Para o ministro Marco Aurélio, no entanto, o processo penal não pode estar sempre
condicionado ao fim do procedimento administrativo. Isso não deveria ocorrer, de
acordo com ele, quando há crimes formais (como a apresentação de documentos falsos)
ou se houver provas suficientes de sonegação. "Se você pegar os precedentes desse
verbete [da Súmula 24], todos foram formalizados a partir da necessidade da apuração
do débito." Para ele, a jurisprudência atual do Supremo criou "uma formalidade para
chegar-se à persecução criminal". "Não se pode sair batendo carimbo e entendendo que
todo caso em que a base da persecução seja tributo ou transgressão da norma tributária
há necessidade de esgotar-se antes a esfera administrativa. A regra é a independência
das instâncias administrativa, cível e penal", afirmou.
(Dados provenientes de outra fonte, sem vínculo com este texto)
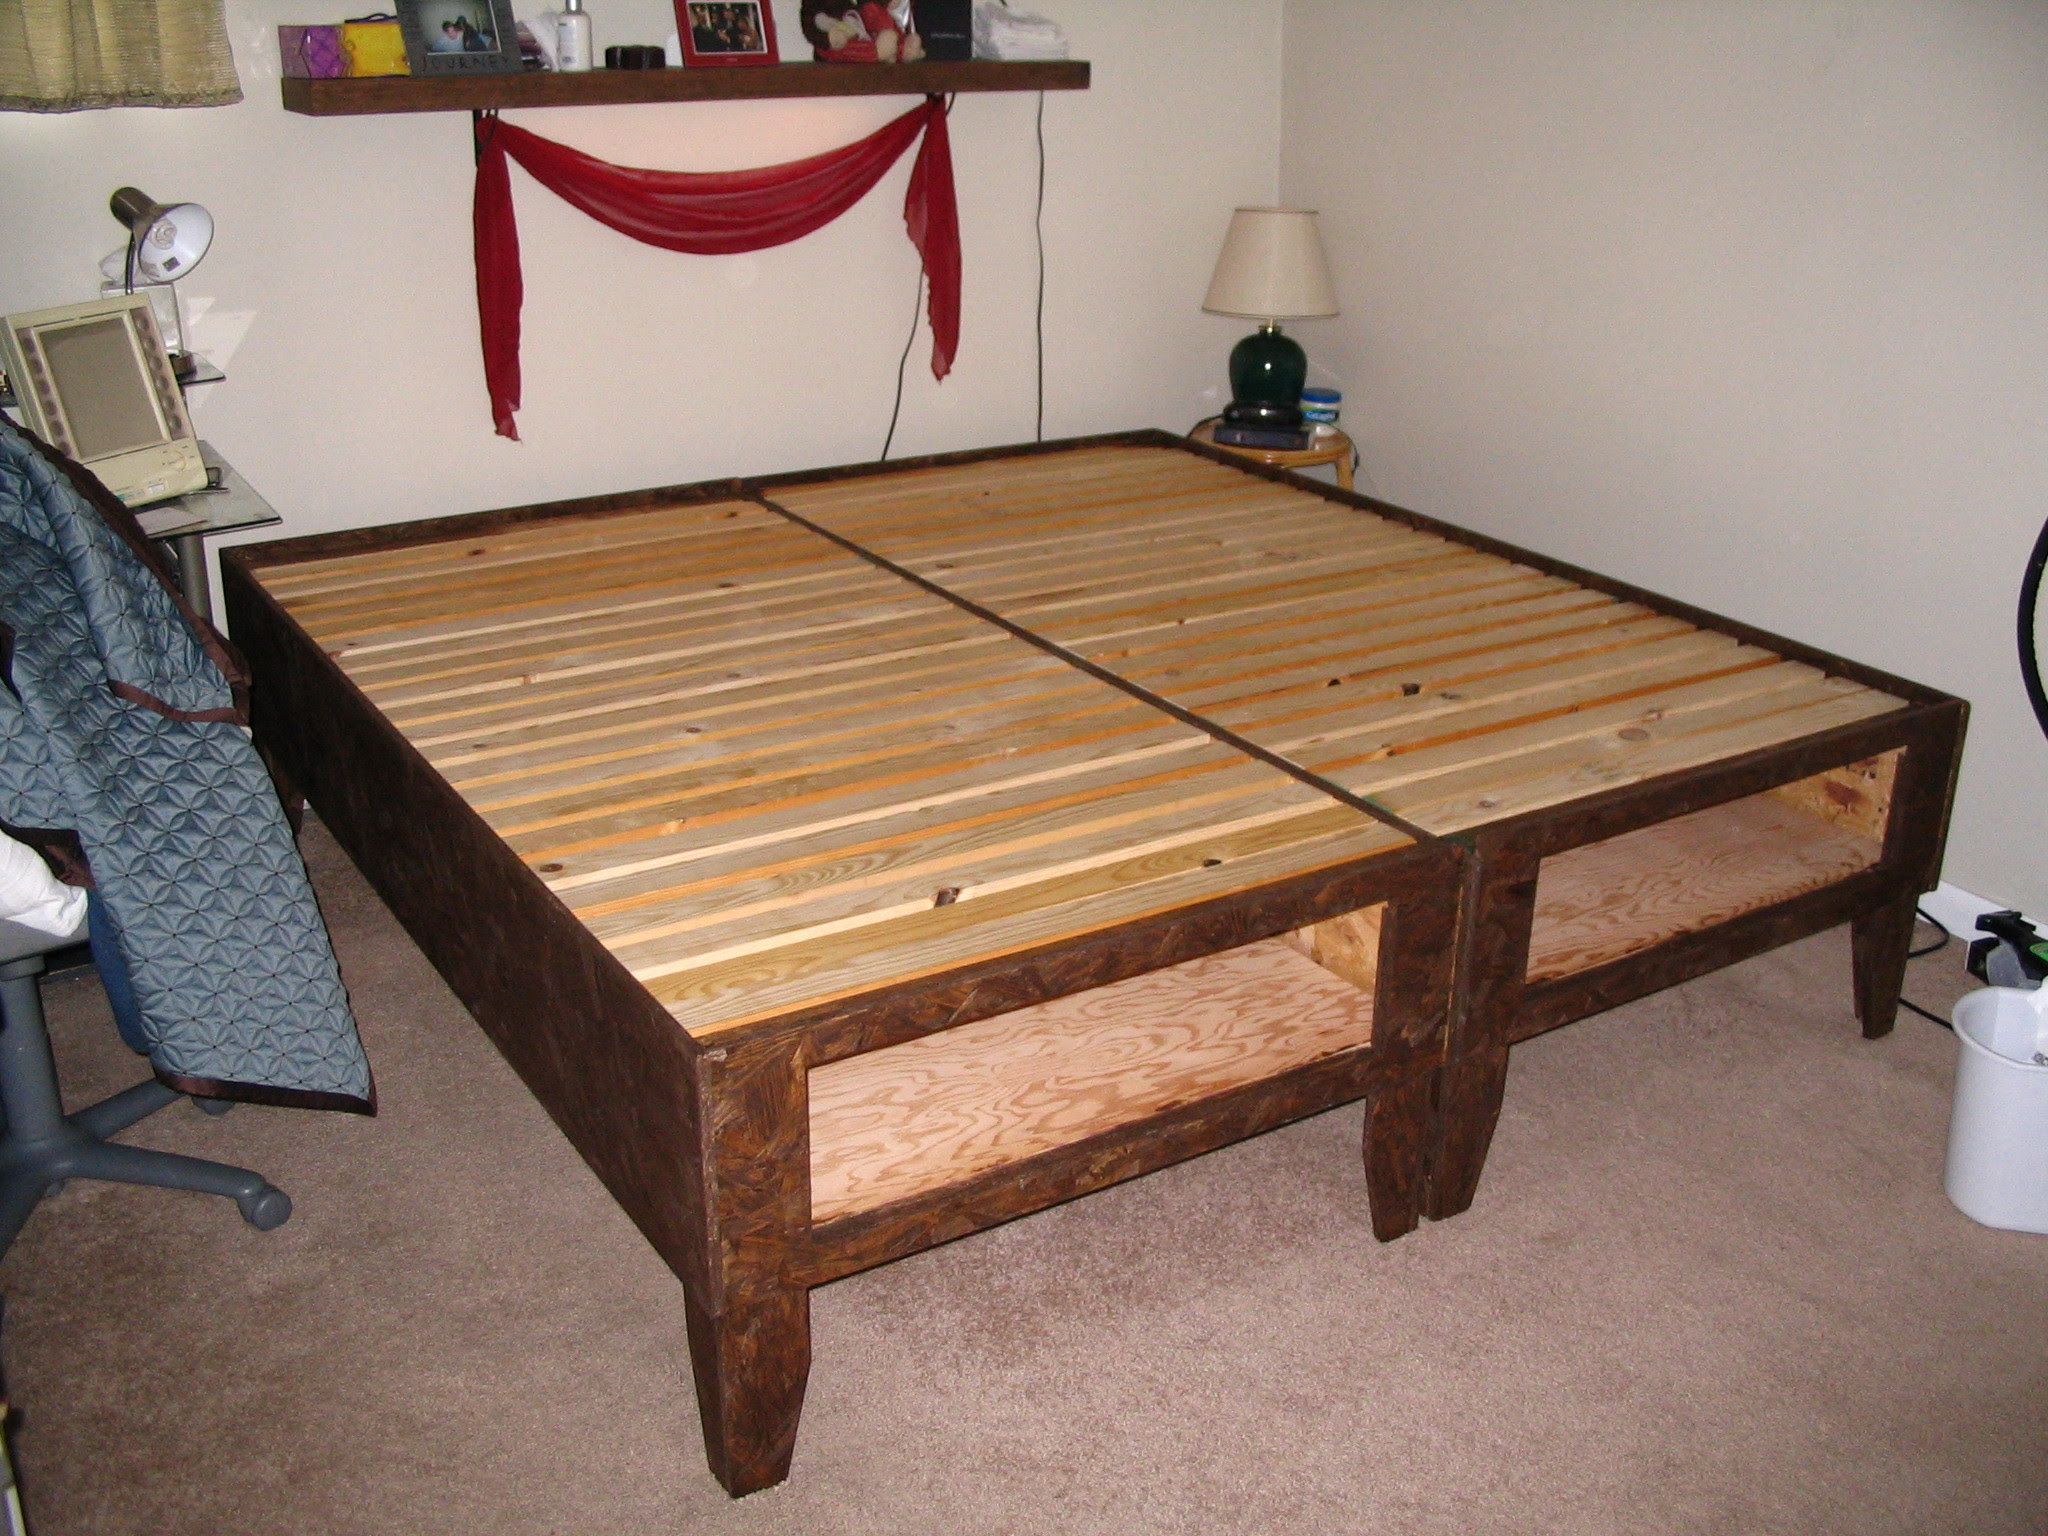 Самодельная кровать из дерева. Самодельная двуспальная кровать. Кровать из брусков. Самодельная деревянная кровать. Кровать двуспальная деревянная своими руками.

Advogados tributaristas e criminalistas veem o precedente com preocupação. "Uma
situação grave seria ter uma condenação na ação penal e, depois, uma decisão
administrativa dizendo que não havia necessidade de tributação. Nesses casos, quem vai
indenizar o contribuinte?", questiona o advogado Dalton Miranda, consultor do Trench,
Rossi e Watanabe. Para o advogado Antenor Madruga, do Barbosa, Müsnich & Aragão,
a decisão traz insegurança jurídica. "O próprio Supremo edita uma súmula para trazer
segurança na interpretação, mas pouco tempo depois a turma flexibiliza", afirma.
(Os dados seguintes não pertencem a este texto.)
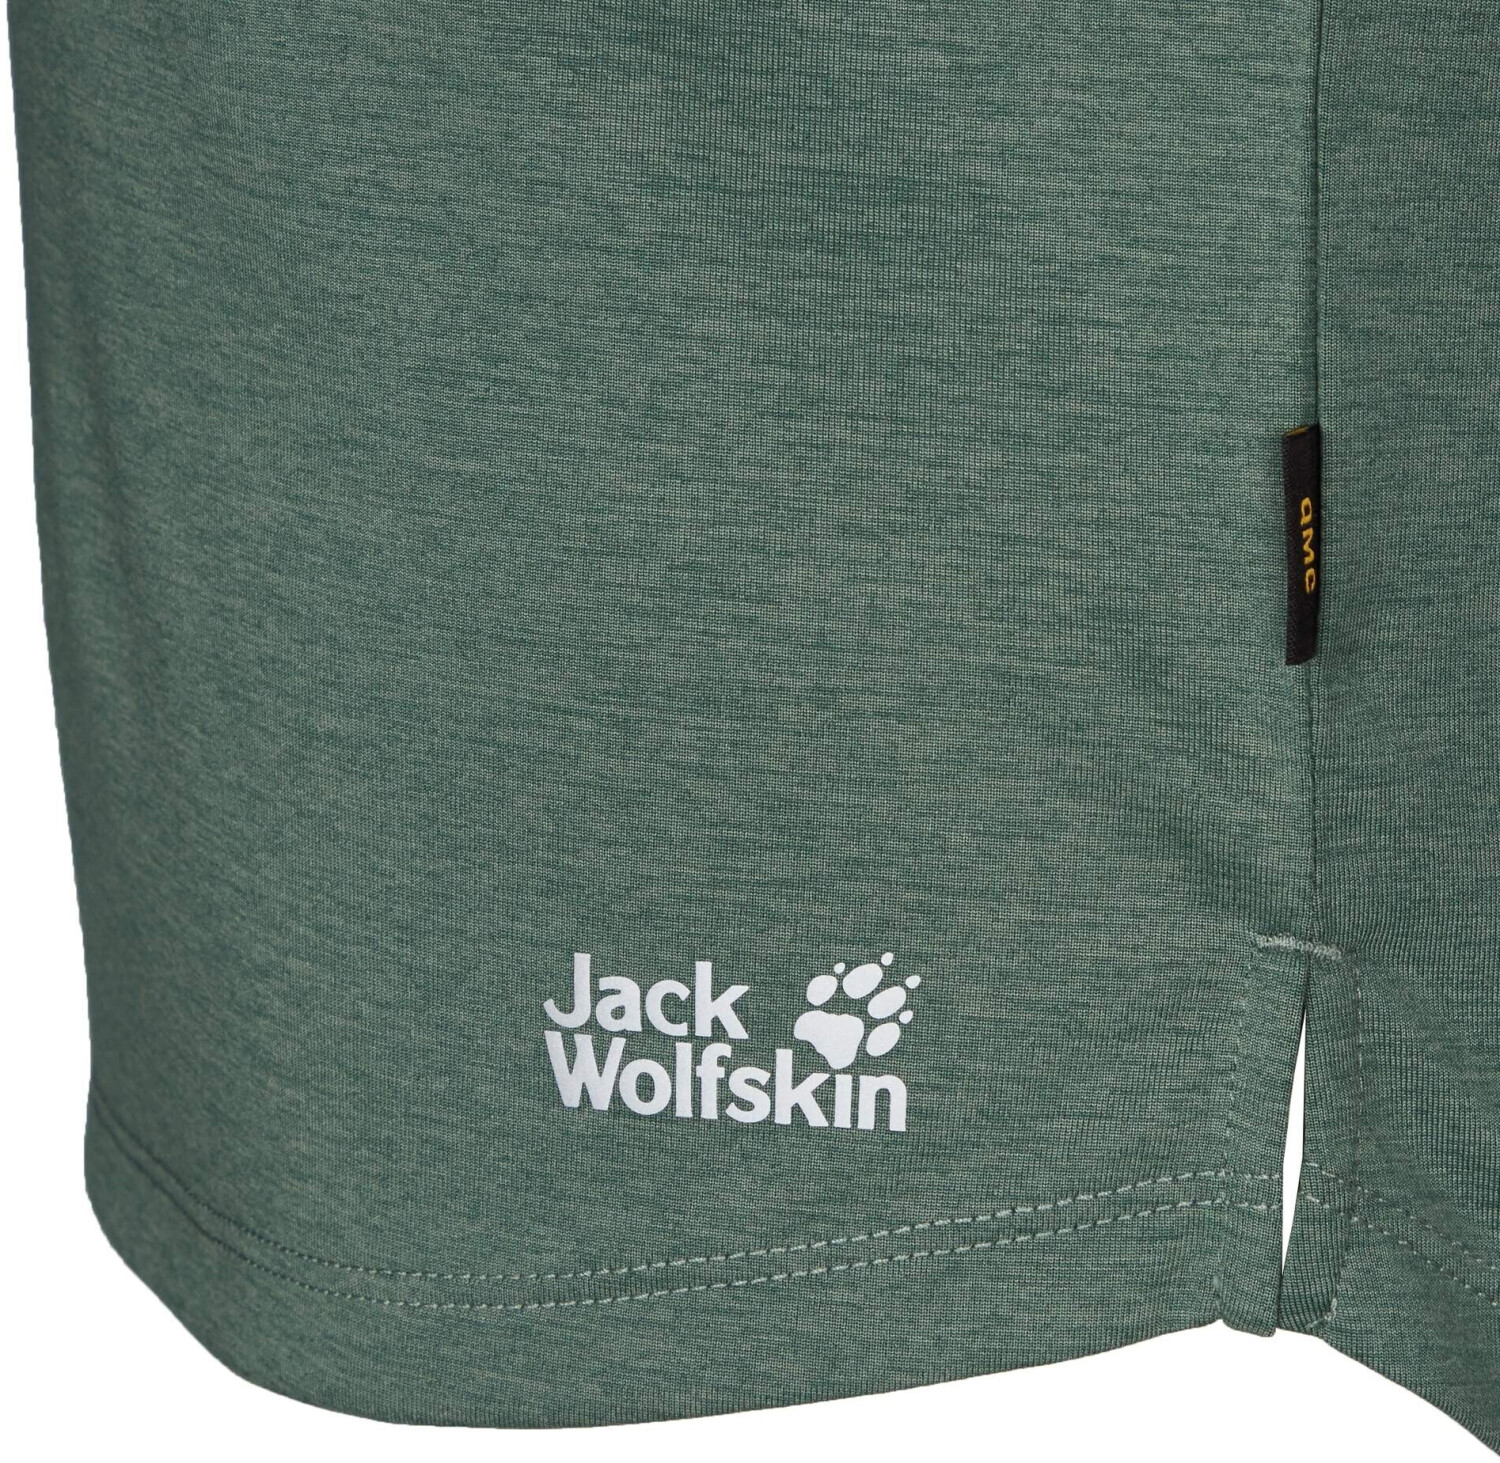 Jack Wolfskin € W 26,00 & hedge (1806654) T Preisvergleich Go 3/4 bei ab | Pack green

De acordo com o advogado Maurício Silva Leite, presidente da Comissão de
Cumprimento de Penas da seccional paulista da Ordem dos Advogados do Brasil
(OAB-SP), o Ministério Público vem apresentando representações criminais contra
contribuintes que devem tributos, mesmo quando não há ocorrência de crime. Para ele,
caso prevaleça, o entendimento da 1ª Turma agravaria a situação. "Se isso ocorrer,
haverá uma instauração muito maior de inquéritos policiais e ações penais contra
contribuintes por crime contra a ordem tributária. Mas, no futuro, ele pode ganhar a
discussão tributário e sofrer um processo penal injusto."